I am building my MQTT Tasmota IR transmitter to be connected to my home assistant.
The goal is to control my air conditioner Olympia Splendid via IR.

I had to fight to understand the IR signal emitted from the proprietary device remote. In order to facilitate the task I have used Arduino and a IR receiver shield to try to decode the signal. I have also connected the IR shield output to a digital signal analyzer oscilloscope to get the data.

I could not see the original data, since the IR receiver transistor of the shield demodulate the IR signal on the output. So I have bought this very interesting kit from

https://www.analysir.com/blog/product/infrared-component-starter-kits/

that has all the type of hard to find IR receivers for all kind of frequency signals all in one package.

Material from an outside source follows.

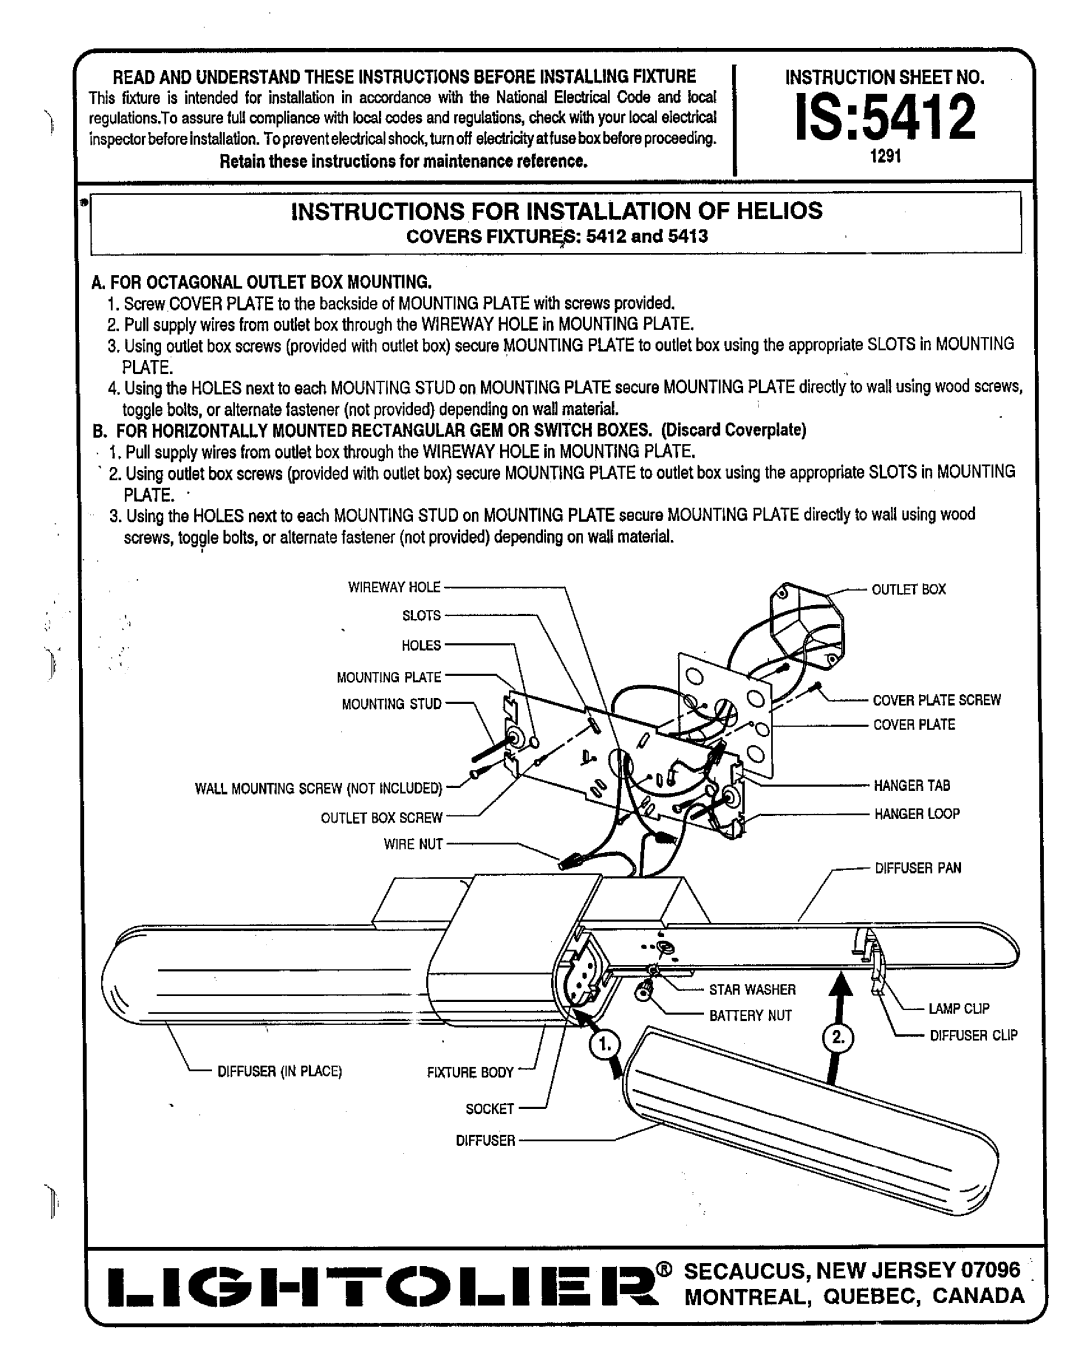 Lightolier 5412, 5413 instruction sheet Is, Instructions For Installation Of Helios

The site has a well documented usage of each kind of diode or IR transistor of the kit. A must have for anyone interested in playing with InfraRed signals.

There is also one that does not demodulate the signal and let’s measure the exact IR frequency emitted on your own digital oscilloscope.

I bought also from the same shop a nice WEmos IR shield that I will put on directly on my WEmos with tasmota to have the complete device.

I also bought their AnalysIR application, that gave me a great help in reverse engineering the digital IR signal and transform it in real commands bytes.
They gave a custom firmware for Arduino or ESP8266 to use with the application to analyze the data.

I was able to get a good understanding of the signal and write a new implementation of the Olympia Splendid IR protocol on the Arduino IR Lib.
I tried and after some debugs I was able to successfully send the command from Arduino to turn the device on.
Now I will improve the code on the library, and then I will port on the Tasmota IR Library integrating with the already existing IR MQTT commands.